Abbreviations: AUC, area under the curve; DPP-4, dipeptidyl peptidase-4; GIP, glucose-dependent insulinotropic peptide; GLP-1, glucagon-like peptide 1

OBJECTIVE— We sought to determine whether alterations in meal absorption and gastric emptying contribute to the mechanism by which inhibitors of dipeptidyl peptidase-4 (DPP-4) lower postprandial glucose concentrations.

RESEARCH DESIGN AND METHODS— We simultaneously measured gastric emptying, meal appearance, endogenous glucose production, and glucose disappearance in 14 subjects with type 2 diabetes treated with either vildaglipitin (50 mg b.i.d.) or placebo for 10 days using a double-blind, placebo-controlled, randomized, crossover design.

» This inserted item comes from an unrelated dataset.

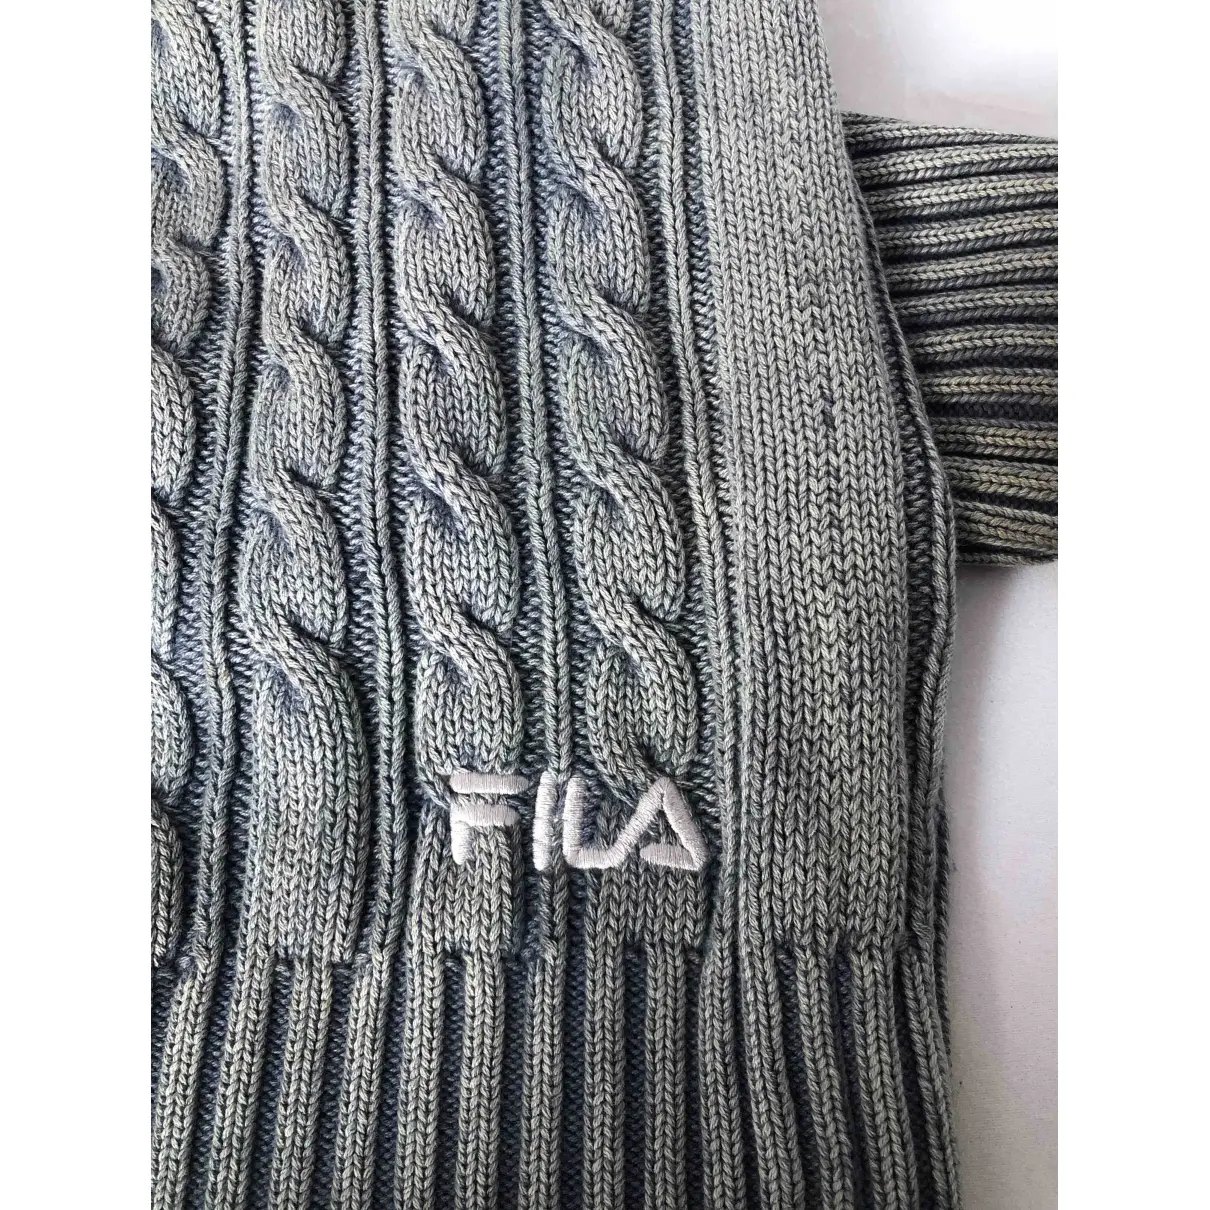 Luxury Fila Knitwear & Sweatshirts Men

RESULTS— Fasting (7.3 ± 0.5 vs. 7.9 ± 0.5 mmol/l) and peak postprandial (14.1 ± 0.6 vs. 15.9 ± 0.9 mmol/l) glucose concentrations were lower (P < 0.01) after vildagliptin treatment than placebo. Despite lower glucose concentrations, postprandial insulin and C-peptide concentrations did not differ during the two treatments. On the other hand, the integrated (area under the curve) postprandial glucagon concentrations were lower (20.9 ± 1.6 vs. 23.7 ± 1.3 mg/ml per 5 h, P < 0.05), and glucagon-like peptide 1 (GLP-1) concentrations were higher (1,878 ± 270 vs. 1,277 ± 312 pmol/l per 5 h, P = 0.001) during vildagliptin administration compared with placebo. Gastric emptying and meal appearance did not differ between treatments.

CONCLUSIONS— Vildagliptin does not alter gastric emptying or the rate of entry of ingested glucose into the systemic circulation in humans. DPP-4 inhibitors do not lower postprandial glucose concentrations by altering the rate of nutrient absorption or delivery to systemic circulation. Alterations in islet function, secondary to increased circulating concentrations of active GLP-1, are associated with the decreased postprandial glycemic excursion observed in the presence of vildagliptin.